Learning how how photo-acoustic imaging works and where it is used has been a relatively recent entrant into the field of medical and scientific study. One of its main potential advantages over current medical scanning techniques is that it could allow doctors to conduct complex scans on patients using devices which are hand-held, not the expensive and large equipment which magnetic-resonance imaging (MRI) or X-ray computerized tomography require to be used effectively. The detail of the images that the technology produces is also much improved.
The technique has the capability to scan to depths of several centimetres in human tissue. This means that biopsy needles can be more accurately guided into the affected areas of a patient's body. The technique also has the potential use of being able to determine whether or not tumors in a patient's body are benign or malignant. The close monitoring of brain activity is another possible use, as is the examination of cells' gene expression.
The images that the technique generates are made by shining small pulses of light from lasers onto the tissue being scanned. As the cells in the tissues are heated by just a small amount - a few thousandths of a degree - which allows them expand and contract without causing them any damage.
Sound waves are transmitted as a result of this expansion and contraction, of the ultrasonic variety. These sound waves are then measured by sensors, who send the data they receive to a computer. This computer then constructs two or three-dimensional images using triangulation techniques.
The technology owes its development to work done by a Soviet scientist in the late 1980s. Alexander Oraevsky, who was at the time working at the Soviet Academy of Sciences in Moscow, was conducting research into tissue removal using lasers. He found that his samples also producing ultrasonic waves, and then began to examine who they could be used in other ways.
Photo-acoustic imaging can penetrate tissue to a depth of around seven centimetres, a far greater depth than the millimetre or so which current techniques such as confocal microscopy or optical-coherence tomography can currently operate.
The technique works due to the different ways different tissues absorb light. This also has other applications. Blood, for example, absorbs light differently depending upon whether it is oxygenated or not oxygenated. There is therefore a contrast agent contained within the technique, precluding the need to inject patients with dyes.

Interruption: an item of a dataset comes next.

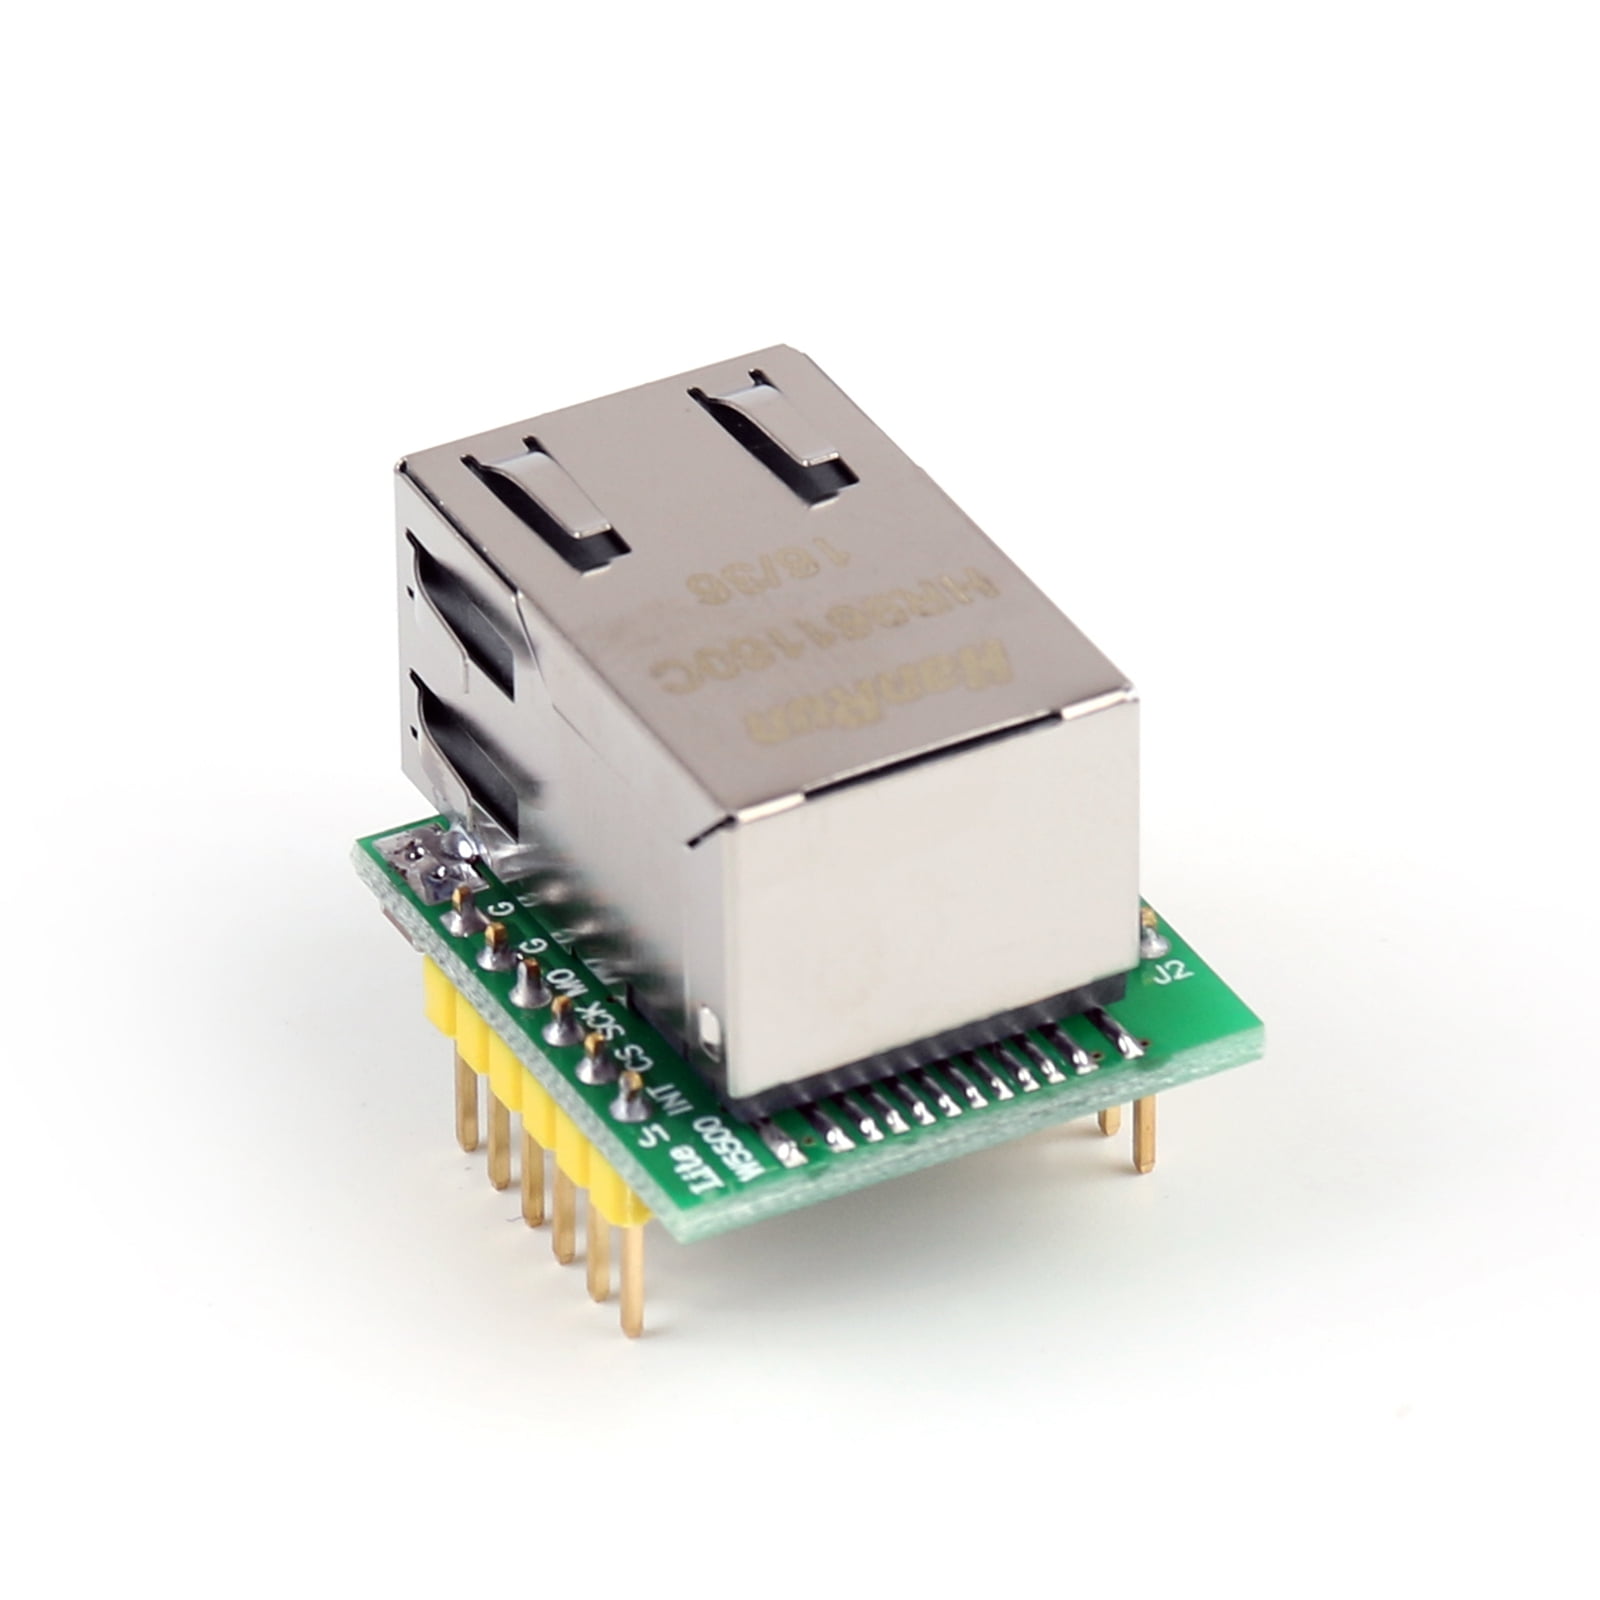 1Pcs HR961160C USR-ES1 W5500 Chip SPI to LAN/ Ethernet Converter TCP/IP Module U

The detection of brain lesions is another possible future application for the technology, as different tissues in the brain have different optical absorption properties; experiments have been carried out on mice which demonstrate this.
Cancer is the illness that makes how photo-acoustic imaging works and where it is used such an exciting area of study with such great potential. The detection of tumors and their nature has been almost impossible without using surgery of some kind, and the kind of money and time saved by using new technologies is a fortunate side effect of being able to save the lives of many more people.
The technique has the capability to scan to depths of several centimetres in human tissue. This means that biopsy needles can be more accurately guided into the affected areas of a patient's body. The technique also has the potential use of being able to determine whether or not tumors in a patient's body are benign or malignant. The close monitoring of brain activity is another possible use, as is the examination of cells' gene expression.
The images that the technique generates are made by shining small pulses of light from lasers onto the tissue being scanned. As the cells in the tissues are heated by just a small amount - a few thousandths of a degree - which allows them expand and contract without causing them any damage.
Sound waves are transmitted as a result of this expansion and contraction, of the ultrasonic variety. These sound waves are then measured by sensors, who send the data they receive to a computer. This computer then constructs two or three-dimensional images using triangulation techniques.
The technology owes its development to work done by a Soviet scientist in the late 1980s. Alexander Oraevsky, who was at the time working at the Soviet Academy of Sciences in Moscow, was conducting research into tissue removal using lasers. He found that his samples also producing ultrasonic waves, and then began to examine who they could be used in other ways.
Photo-acoustic imaging can penetrate tissue to a depth of around seven centimetres, a far greater depth than the millimetre or so which current techniques such as confocal microscopy or optical-coherence tomography can currently operate.
The technique works due to the different ways different tissues absorb light. This also has other applications. Blood, for example, absorbs light differently depending upon whether it is oxygenated or not oxygenated. There is therefore a contrast agent contained within the technique, precluding the need to inject patients with dyes.
The detection of brain lesions is another possible future application for the technology, as different tissues in the brain have different optical absorption properties; experiments have been carried out on mice which demonstrate this.
Cancer is the illness that makes how photo-acoustic imaging works and where it is used such an exciting area of study with such great potential. The detection of tumors and their nature has been almost impossible without using surgery of some kind, and the kind of money and time saved by using new technologies is a fortunate side effect of being able to save the lives of many more people.